- _Instructions for the task_:
Transcribe everything in the listing below exactly, except the pictures.

- _Dataset excerpt_:
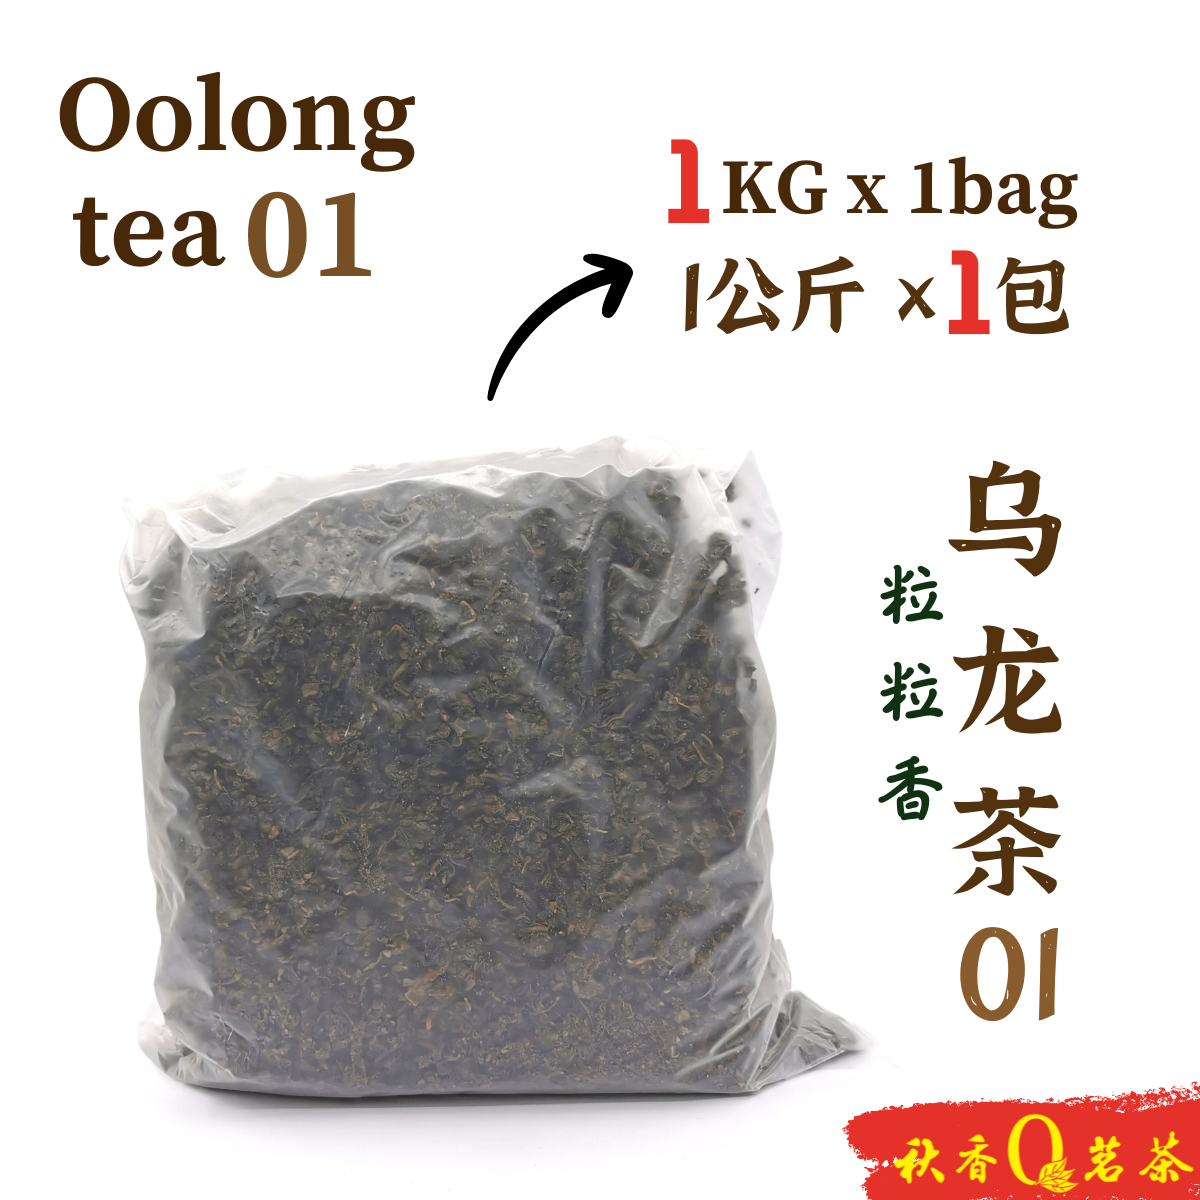 乌龙茶 01 Oolong Tea 01 (粒粒香 Li Li Xiang tea)【1kg】
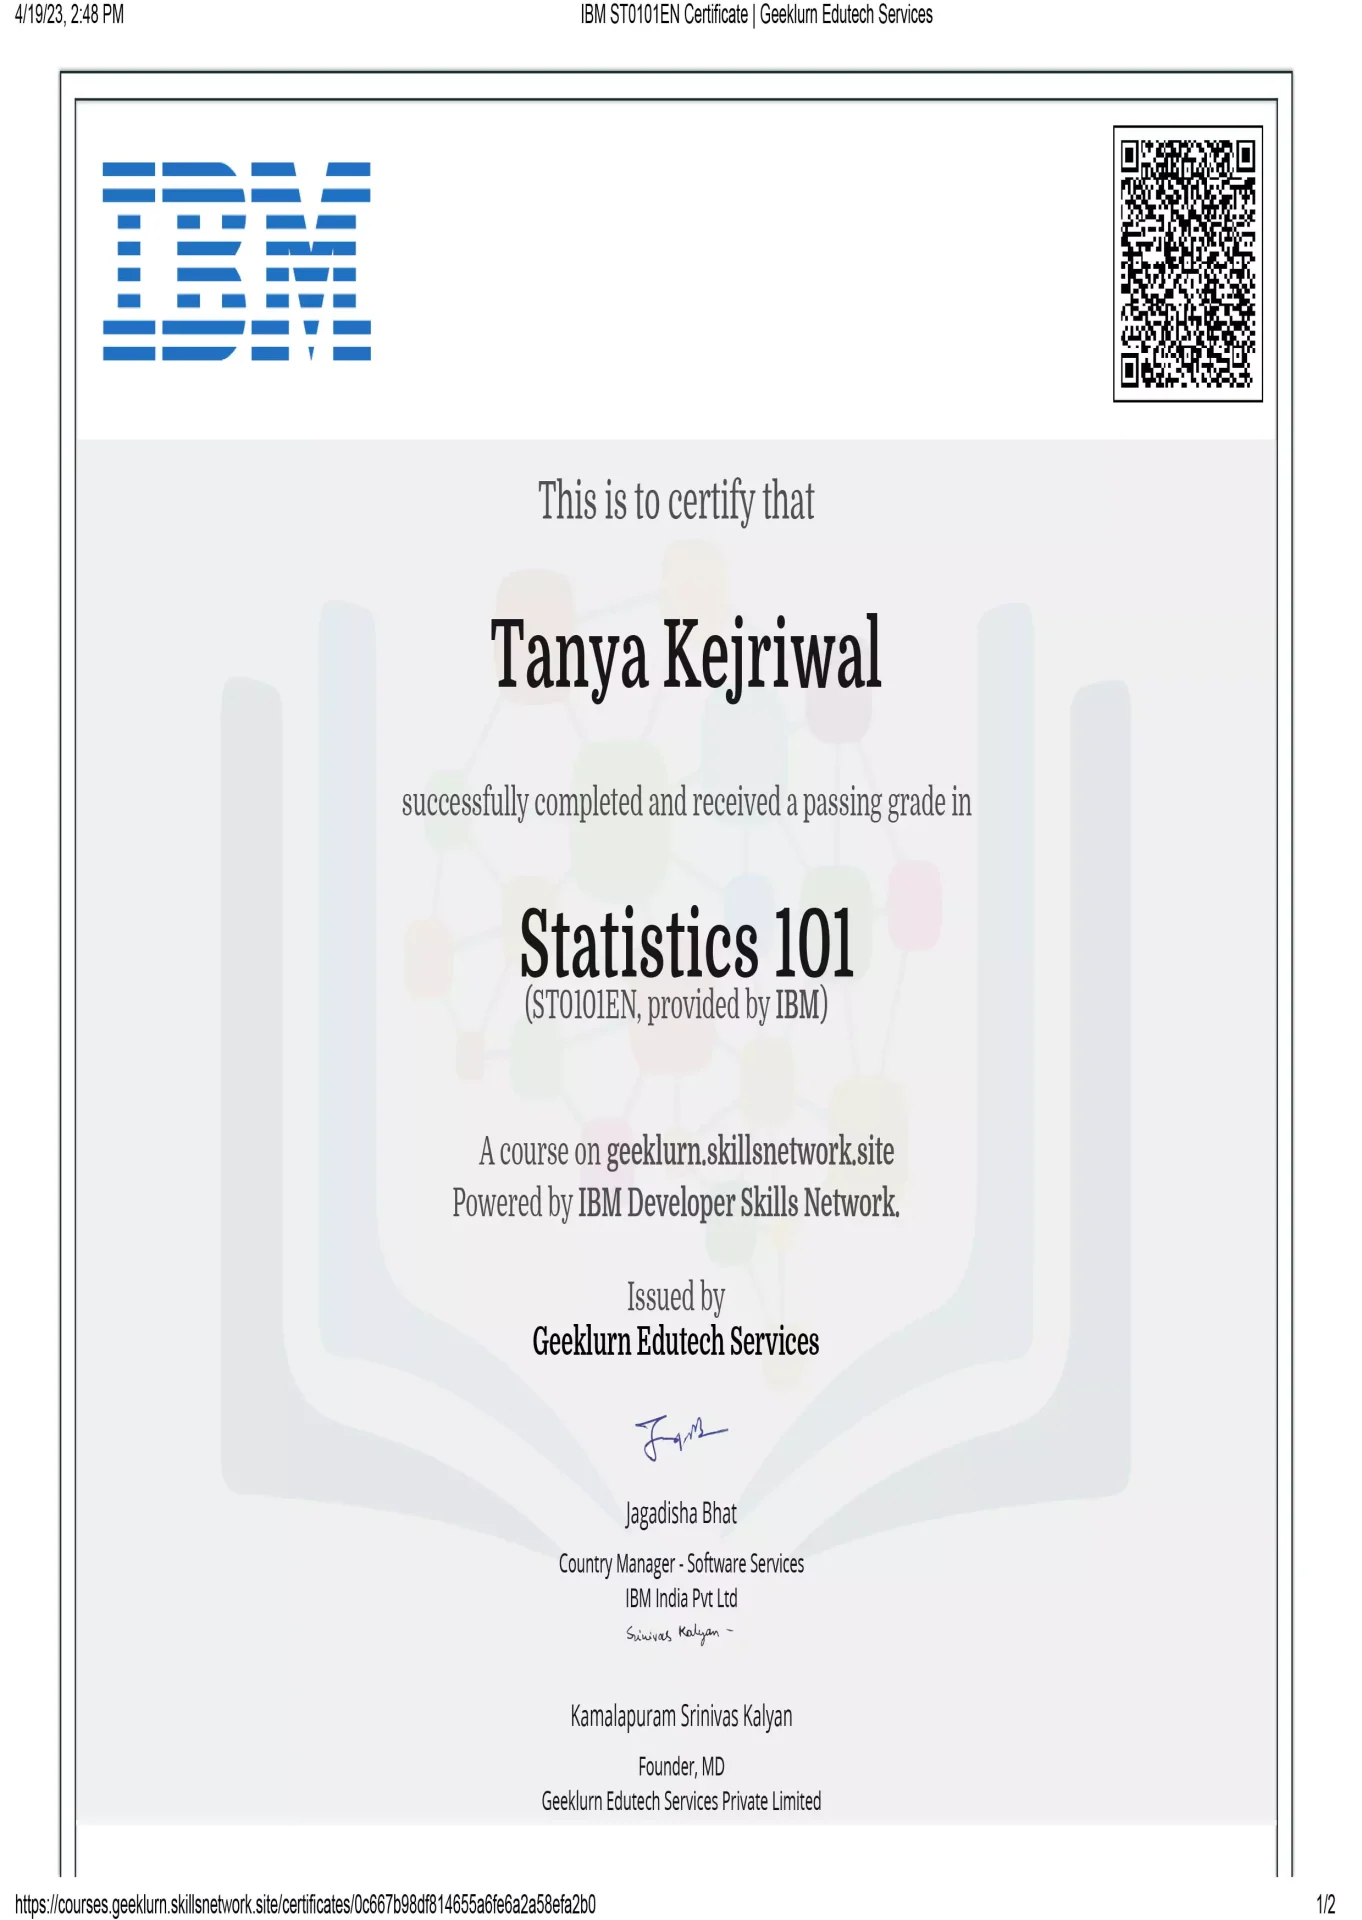 ibm-st0101en-certificate-geeklurn-edutech-services-3
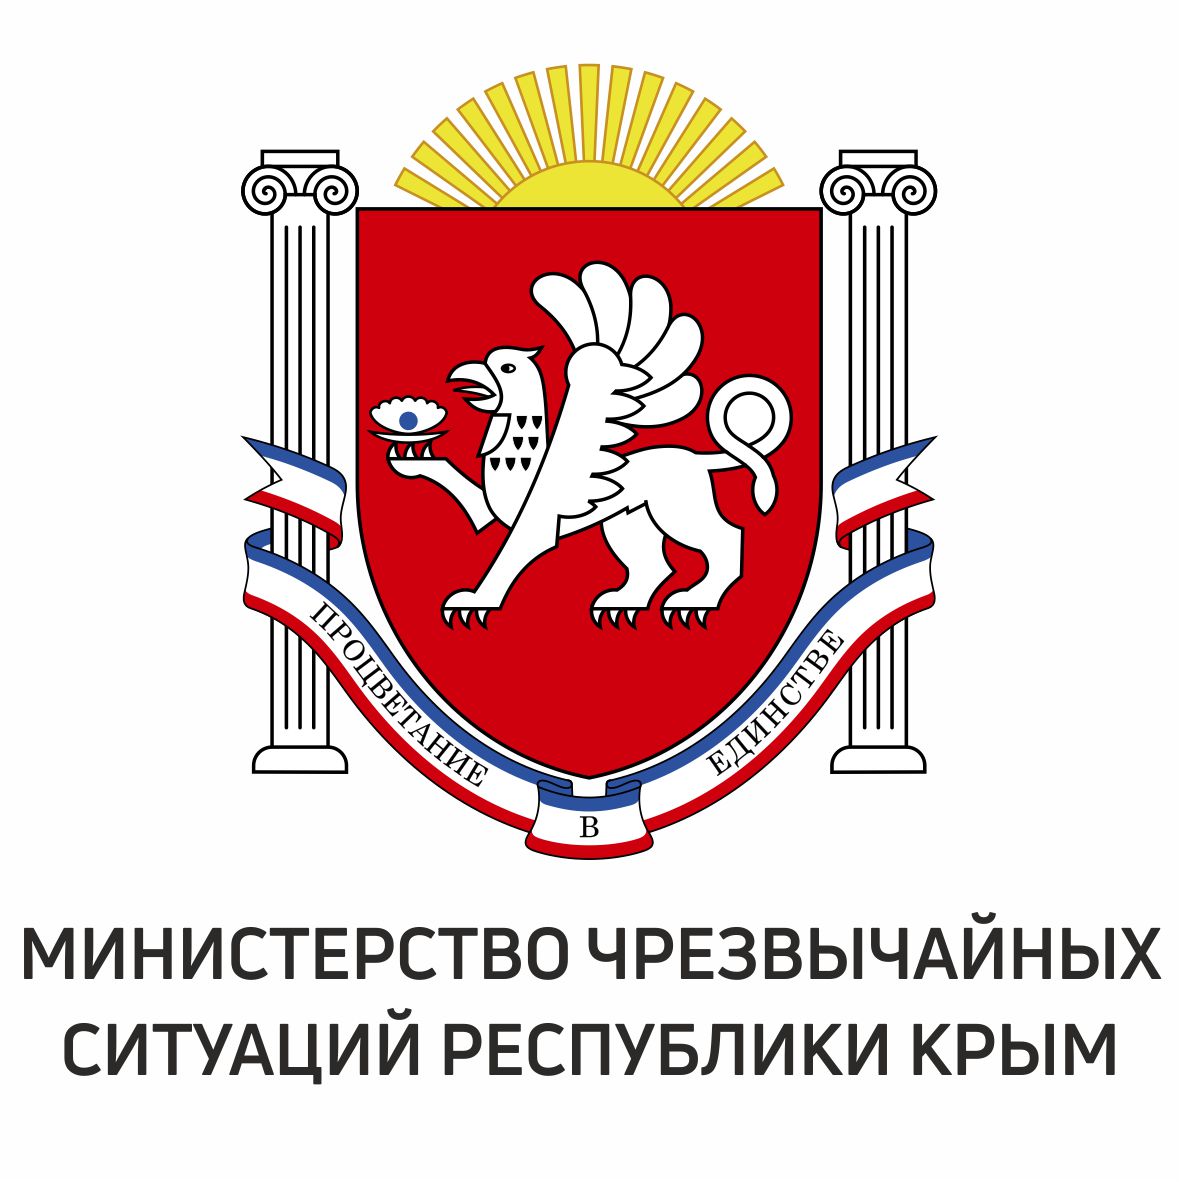 Министерство чрезвычайных ситуаций Республики Крым

- _Exercise solution_:
 乌龙茶 01 Oolong Tea 01 (粒粒香 Li Li Xiang tea)【1kg】
 ibm-st0101en-certificate-geeklurn-edutech-services-3
 Министерство чрезвычайных ситуаций Республики Крым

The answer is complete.